Can Deductions Exceed 50% in Any Scenario Under the Code on Wages?
The Code on Wages also regulates deductions from wages.
Under the proposed framework:
- Total deductions from wages cannot exceed 50% of the employee’s wages in a wage period.
Deductions may include:
- Provident fund contributions
- Income tax
- Loan recoveries
- Fines imposed by employers
- Advances taken by employees
If deductions exceed the permitted limit, the excess amount must be carried forward and deducted in subsequent wage periods.
This provision protects employees from excessive wage deductions in a single payment cycle.
What Penalties Exist for Non-Compliance Under Code on Wages?
Section 52 of the Code on Wages, 2019 prescribes penalties for various offences related to wage violations and non-compliance by employers.
The key penalties are as follows:
(1) Any employer who pays an employee less amount then he shall be punishable with fine which may extend to Rs.50,000/-.
(2) If an employer is again found guilty of a similar offence then he shall be imprisoned for a term which may extend to Rs.1 lakh or both.

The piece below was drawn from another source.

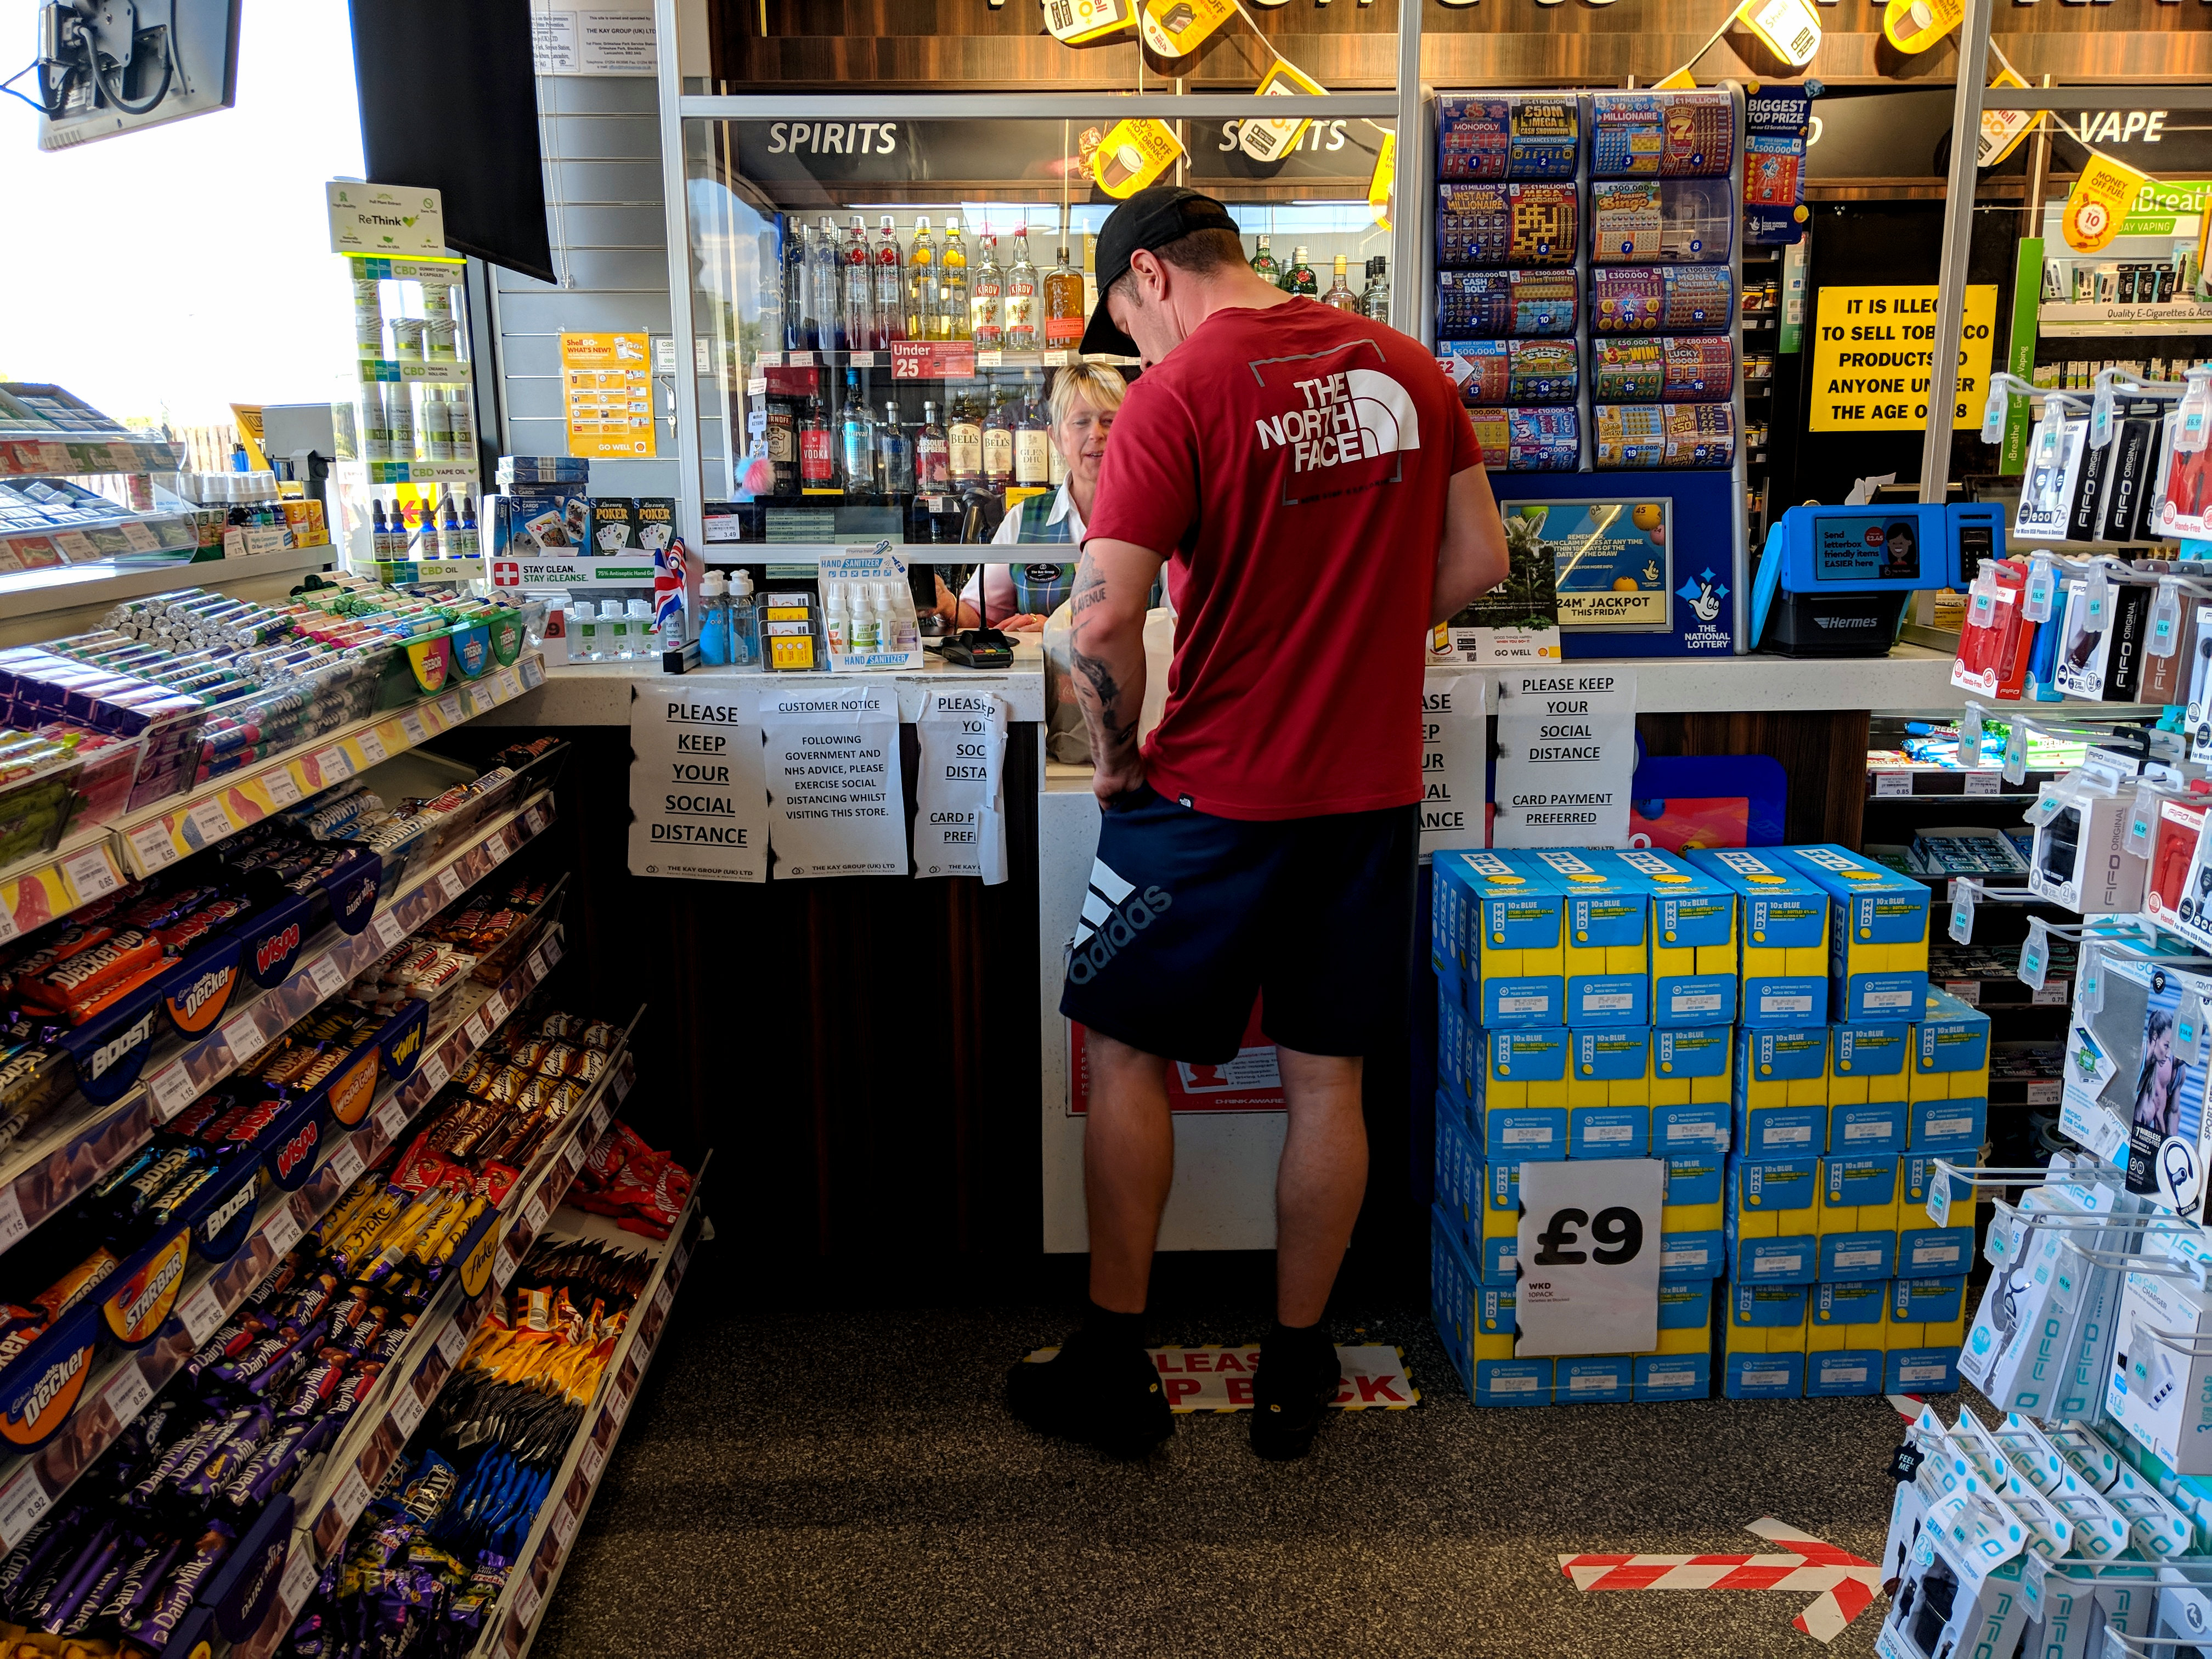 Man is shopping at the gas station | Source: Shutterstock.com

(3) If an employer / Company with any other offence then he is punishable with fine which may extend to Rs.20,000/- and if he committed with offence within 5 years of date of commission earlier office, then he is punishable with imprisonment for a term which may extend to one month or fine which may extend to Rs.40,000/- or both.
(4) If an employer is not maintaining records properly he shall be punishable with fine which may extend to Rs.10,000/-.
Real-World Impact of the Proposed Wage Definition
The uniform definition of wages under Section 2(y) is expected to significantly affect salary structuring in India.
Many organizations previously structured salaries with higher allowances and lower basic pay to reduce statutory contributions.
The 50% rule under the Code aims to prevent this practice by ensuring that a substantial portion of remuneration is classified as wages.
As a result, employers may need to restructure compensation packages once the Code is fully implemented.
Recent Developments and Implementation Status
The Code on Wages, 2019 forms part of India’s broader labour reform initiative that includes four labour codes.
While the Code has been enacted by Parliament, its complete implementation depends on notification of rules by both central and state governments.
Central Rulesare yet to be finalised but , but nationwide final enforcement is expected once all regulatory frameworks are finalized.
FAQs
Is the Code on Wages, 2019 currently implemented?
The Code has been enacted but full implementation is pending notification of rules by central and state governments.
Why is the definition of wages important?
The definition determines how statutory benefits such as provident fund, gratuity, and bonus are calculated.
What is the purpose of the 50% rule?
The rule prevents employers from inflating allowances to reduce statutory wage liabilities.
Will salary structures change because of the Code?
Yes. Many organizations may need to restructure salaries to comply with the 50% wage rule.
Does the Code apply to all employees?
Yes. The Code on Wages applies broadly to employees across organized and unorganized sectors.